Isolation was equivalent to smoking 15 cigarettes a day or being an alcoholic, and twice as harmful as obesity. And the survival advantage may be an underestimation of the benefits of healthy relationships.

Social psychologists at the UK’s University of Exeter have shown that the most important predictor of health-even more than diet and exercise-is the number of groups to which you belong, particularly if you have strong relationships within them. The greater your group membership in voluntary social organizations such as religious groups or unions, the lower your risk of death from all causes.
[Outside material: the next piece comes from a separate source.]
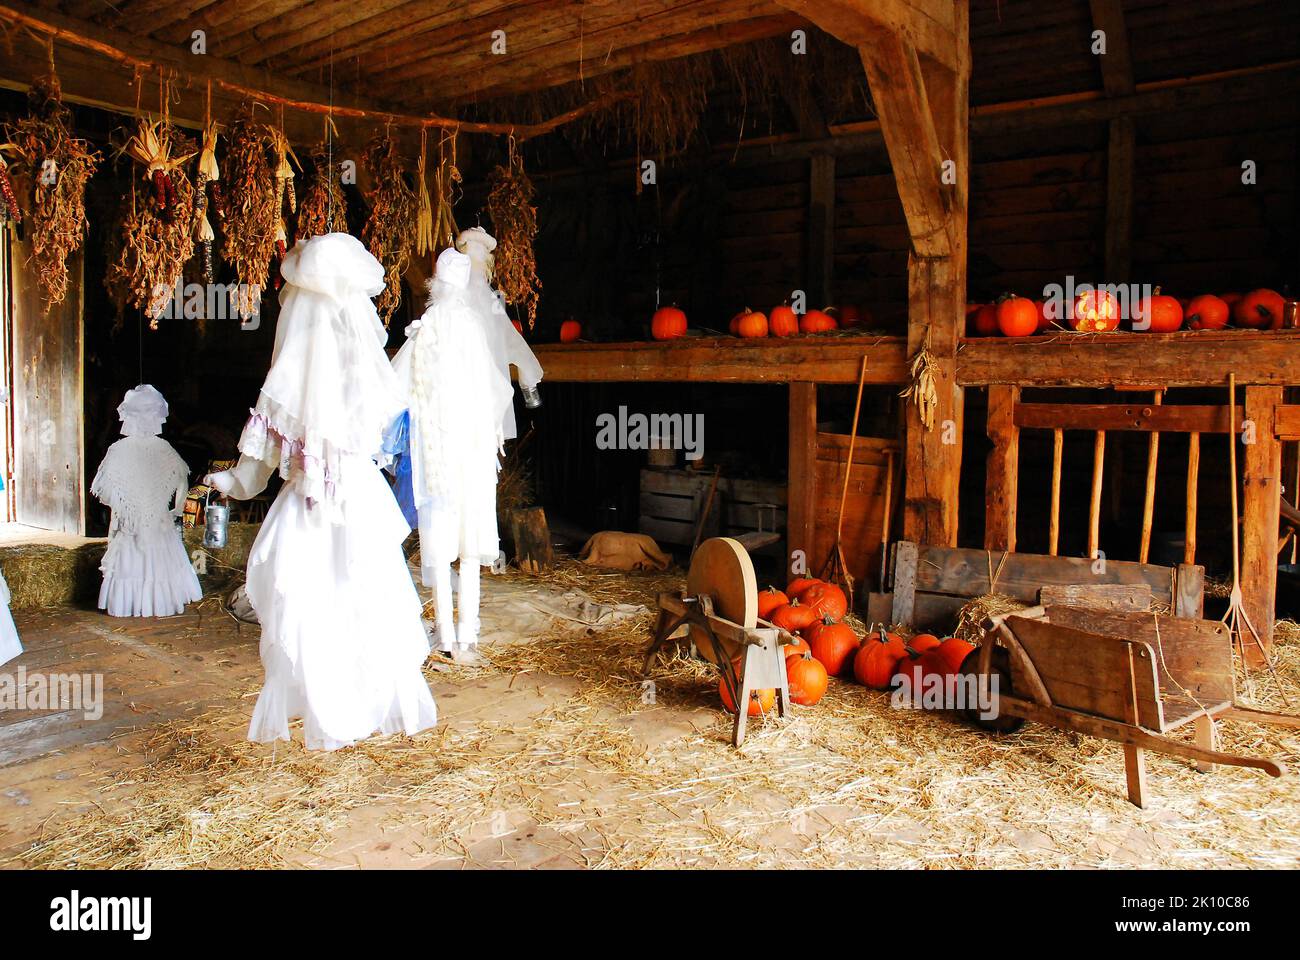 Ghosts made of sheets make for traditional Halloween decorations in a historic wooden barn in Sleepy Hallow in Autumn Stock Photo
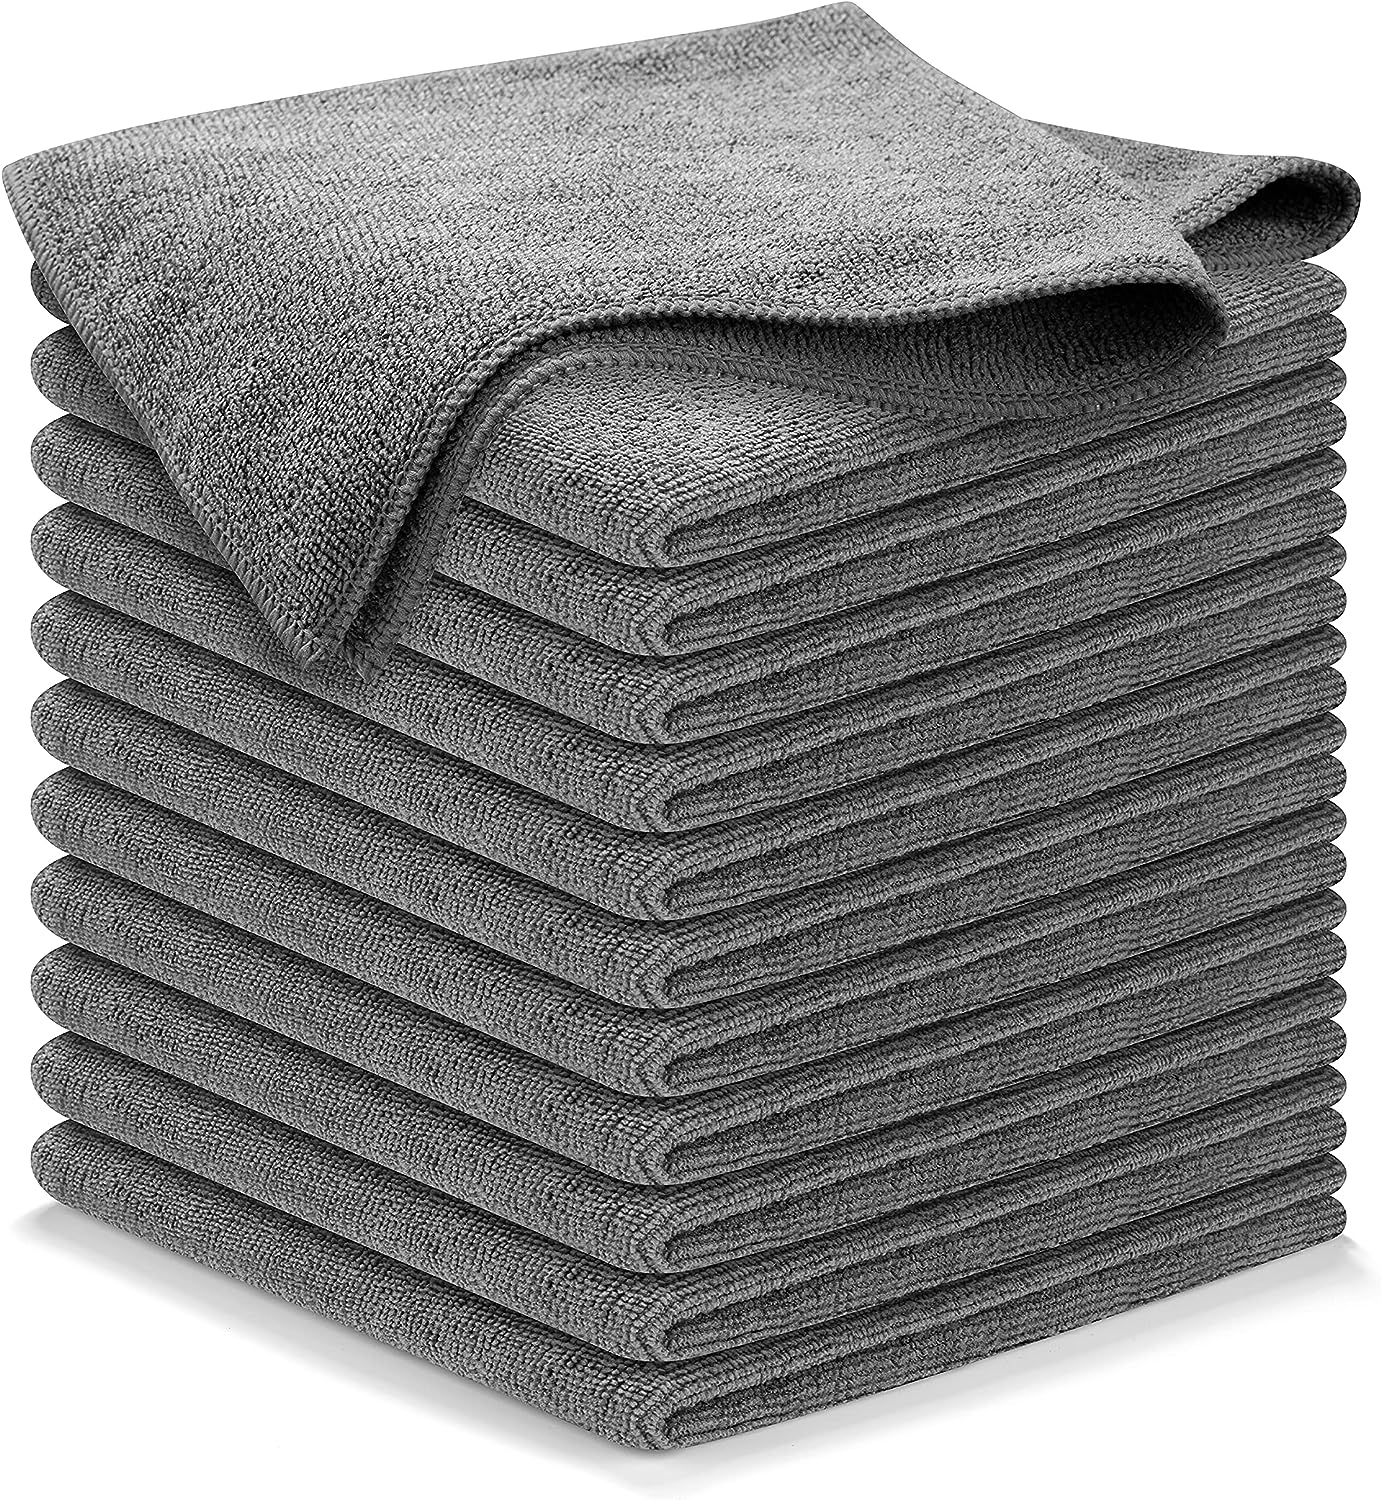 USANOOKS Microfiber Cleaning Cloth Grey - 12 Packs 12.6"x12.6" - High Performance - 1200 Washes, Ultra Absorbent Towels Weave Grime & Liquid for Streak-Free Mirror Shine - Car Washing Cloth

“As a rough rule of thumb,” wrote Harvard political scientist Robert D. Putnam in his book Bowling Alone (Simon & Schuster, 2002), “if you belong to no groups but decide to join one, you cut your risk of dying over the next year in half.”

This research demonstrates something fundamental about the human experience-or, indeed, the experience of all living beings. The need to move beyond the boundaries of our individual selves is more vital than any diet or exercise programme; it protects against the worst toxins and greatest adversity. This connection is the most fundamental need we have because it generates our most authentic state of being.

Despite our propensity for one-upsmanship and competition, our most basic urge always is to connect. May your year be full of joy and health for you-primarily through connection.